ATTKISSON: Completely kicked back, I don't think ever.
LAMB: And when they object to something along the way, what is it?
ATTKISSON: Some - it's usually fairly simple. You know this phrase doesn't make sense, this should be clearer, why don't you move this sentence down, cut this out, you don't need it. That type of thing. It's fairly simple.
LAMB: We often see on the evening news shows stories that we might have read in a newspaper in the morning or two or three days before. How important is that to you?
ATTKISSON: I hate that. I try not to do those. I don't …
LAMB: Why do you hate it?
ATTKISSON: I think our job - if it's been in the paper, why do we want to give it to you again that night? And when I - the journalism school that I went to at University of Florida, you got an F if you copied out of the paper. That's just the mentality that I'm from.

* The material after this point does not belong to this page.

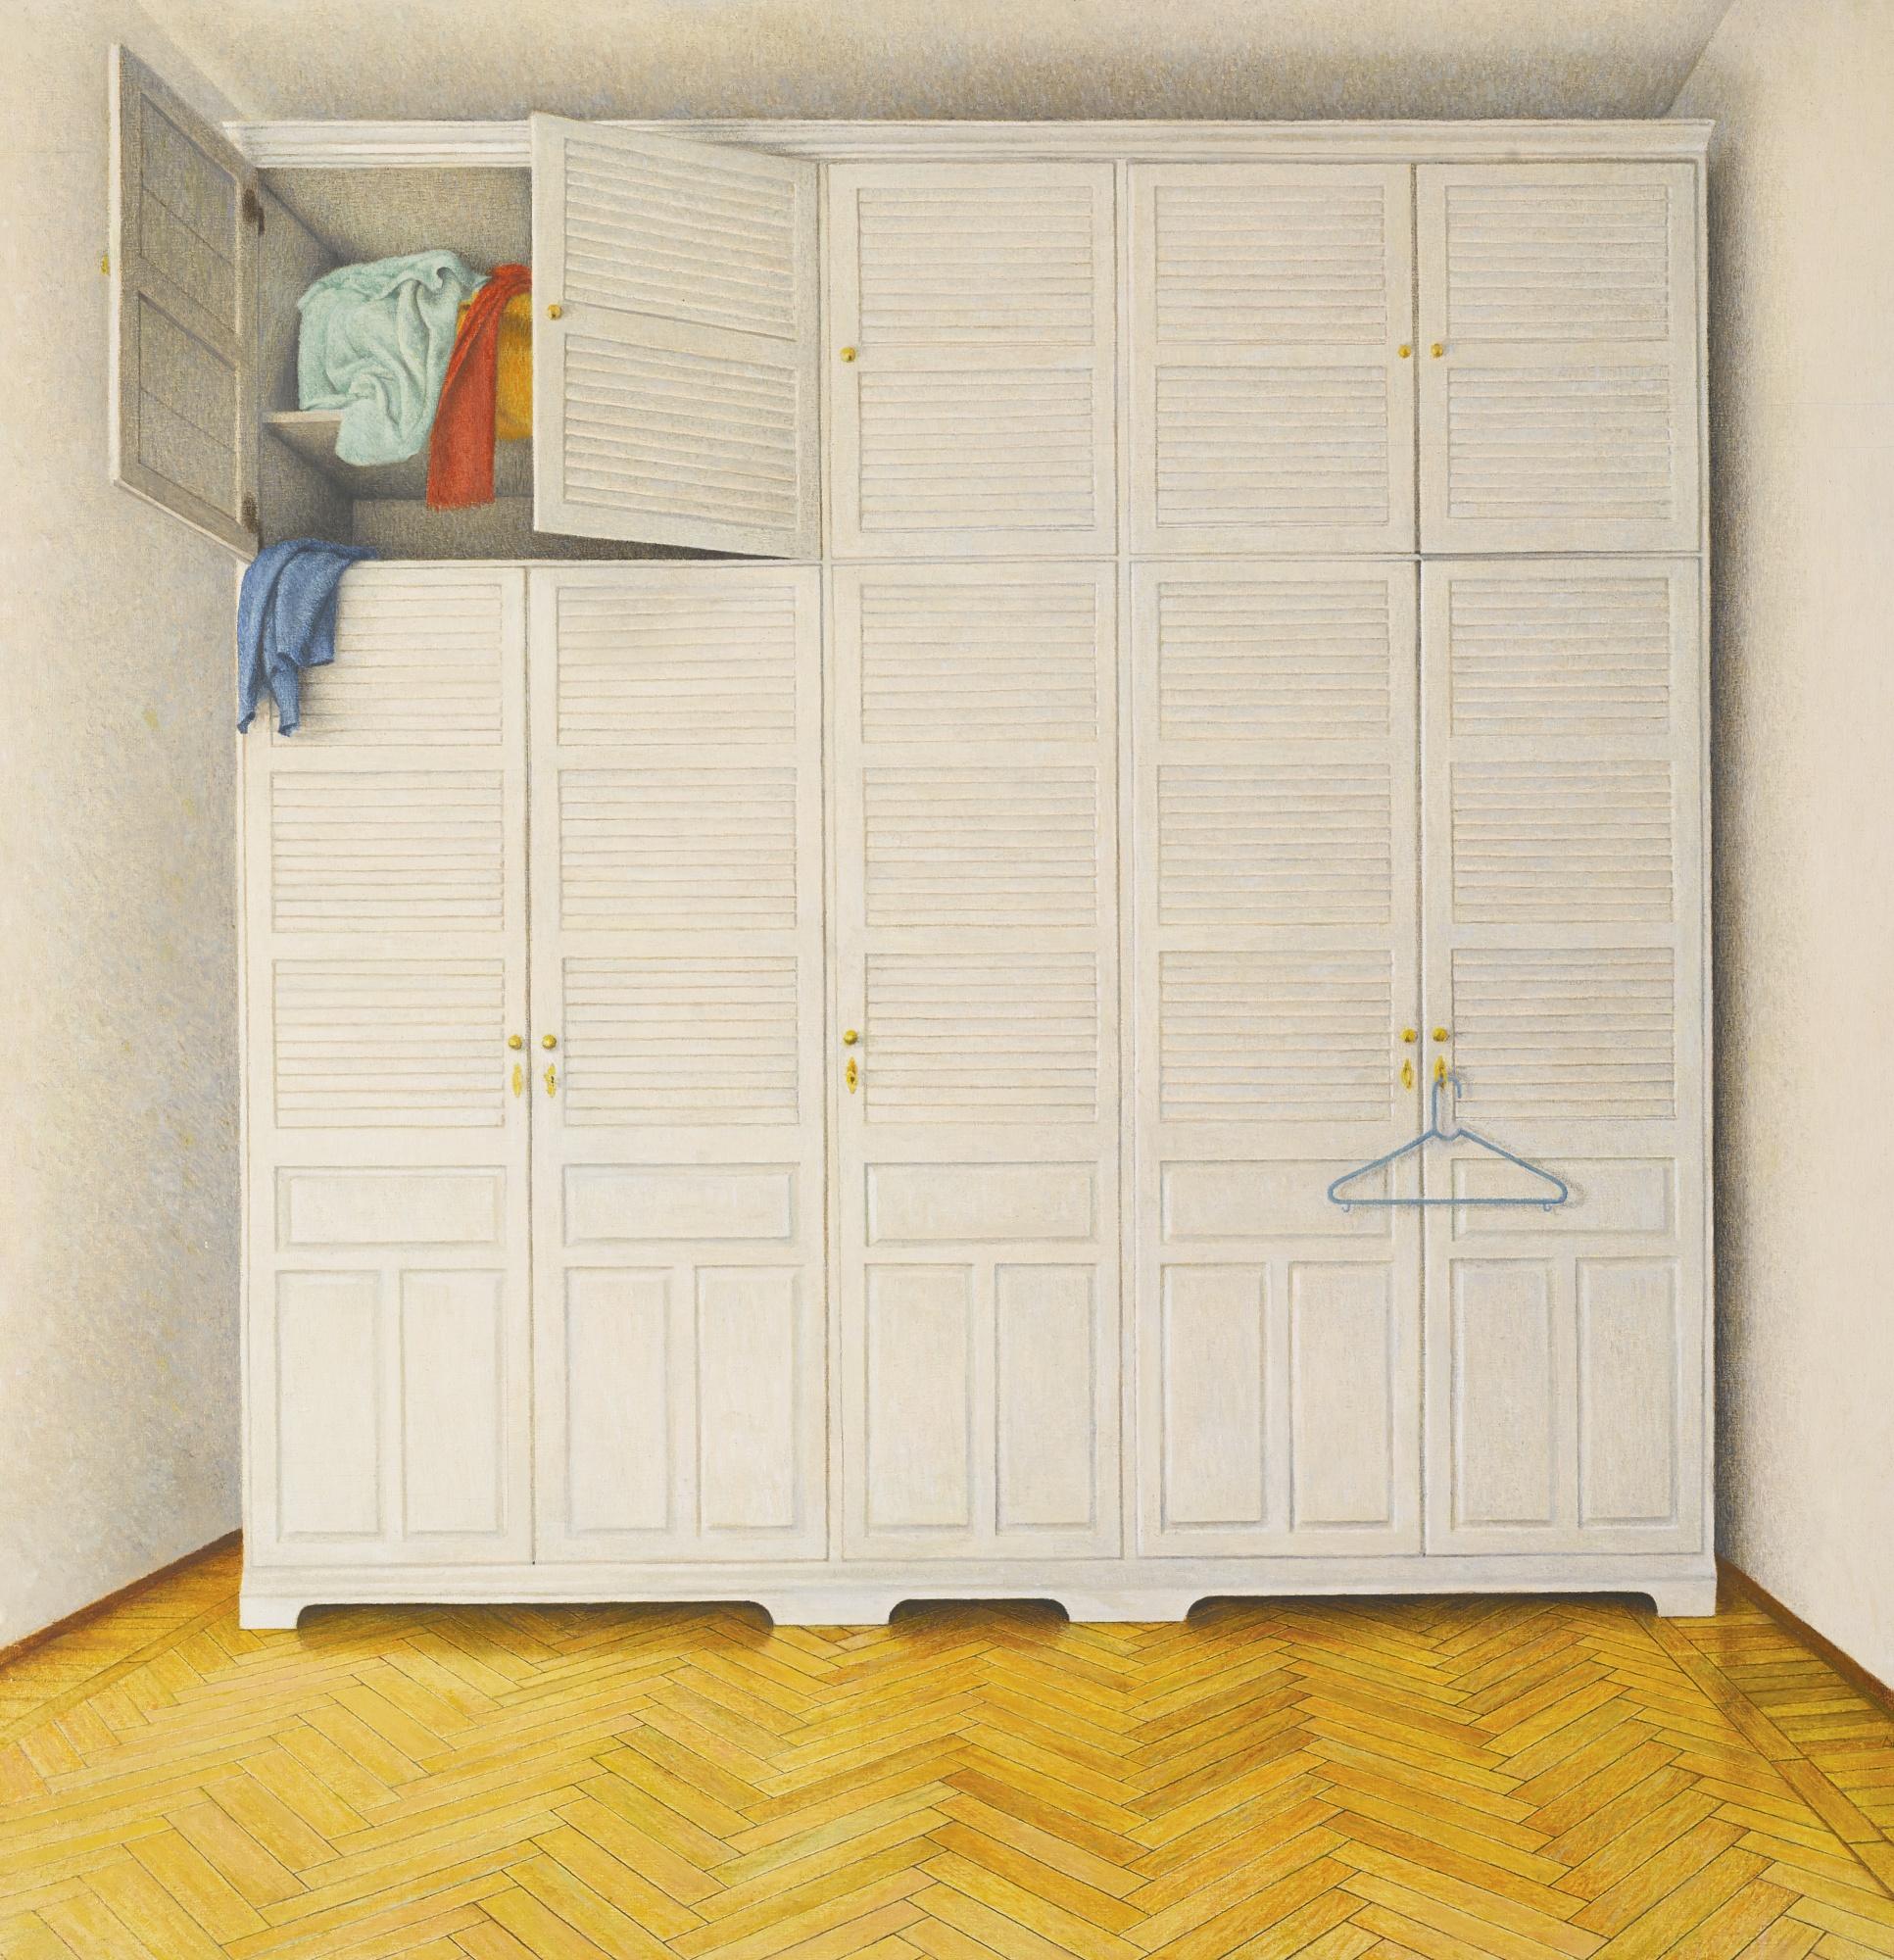 Bernardino Luino-The Wardrobe's Room-1987

So our idea is to try to do something completely different and to bring the audience something they don't know about. So that's what Katie Couric wants to do, that's what our bosses want to do. They want to have value added to the evening newscast so that there's something there that you didn't get from the morning paper.

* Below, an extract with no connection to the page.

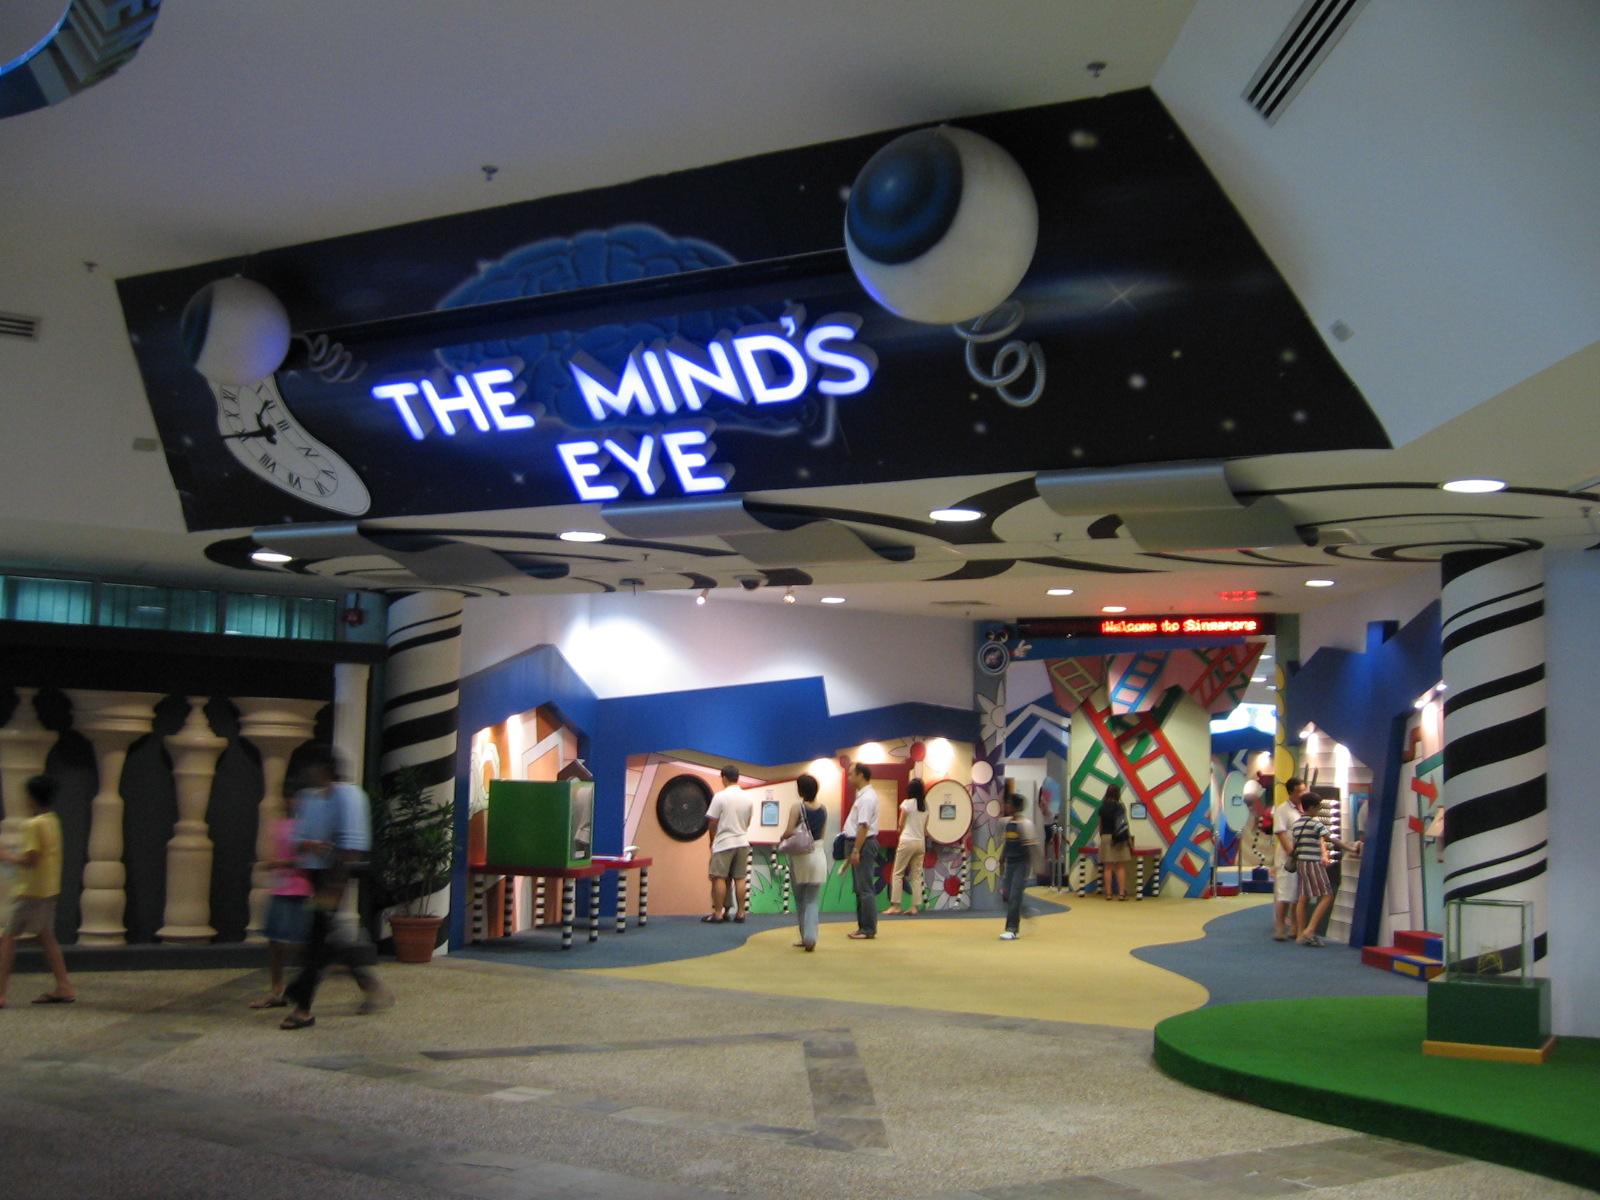 File:Singapore Science Centre 13, Jul 06.JPG - Wikipedia, the free ...

LAMB: So how honest is our government? I know that's a broad question.
ATTKISSON: Yes. It's a mixed bag. I would say I have met a few - I'm not fond of politicians in general, not to be mean. I have met a few who I think are fairly honest and good hearted and trying to do the right thing. But I have seen so much up here that smacks of things that people would find objectionable if they knew. I mean, we can't even tell them a fraction of the things that we know about having worked here and lived here. I'm sure you feel the same way. And I feel like there is a lot of deception or at least obfuscation going on with how our money is spent and how our laws are handled.
Almost every good issue that's brought up in Congress, I've come to think very little of it, is because of the grassroots concerns, because some lobbyist has gotten a member of Congress to call a hearing. It's very - the influences that happen upon our Capitol by outside forces are very stunning, and it's not really the grassroots voter people interests, by in large, in my opinion, that is dictating the agenda on Capitol Hill.
LAMB: CBS investigative reporter Sharyl Attkisson, we are finished, we have no more time. And I thank you very much.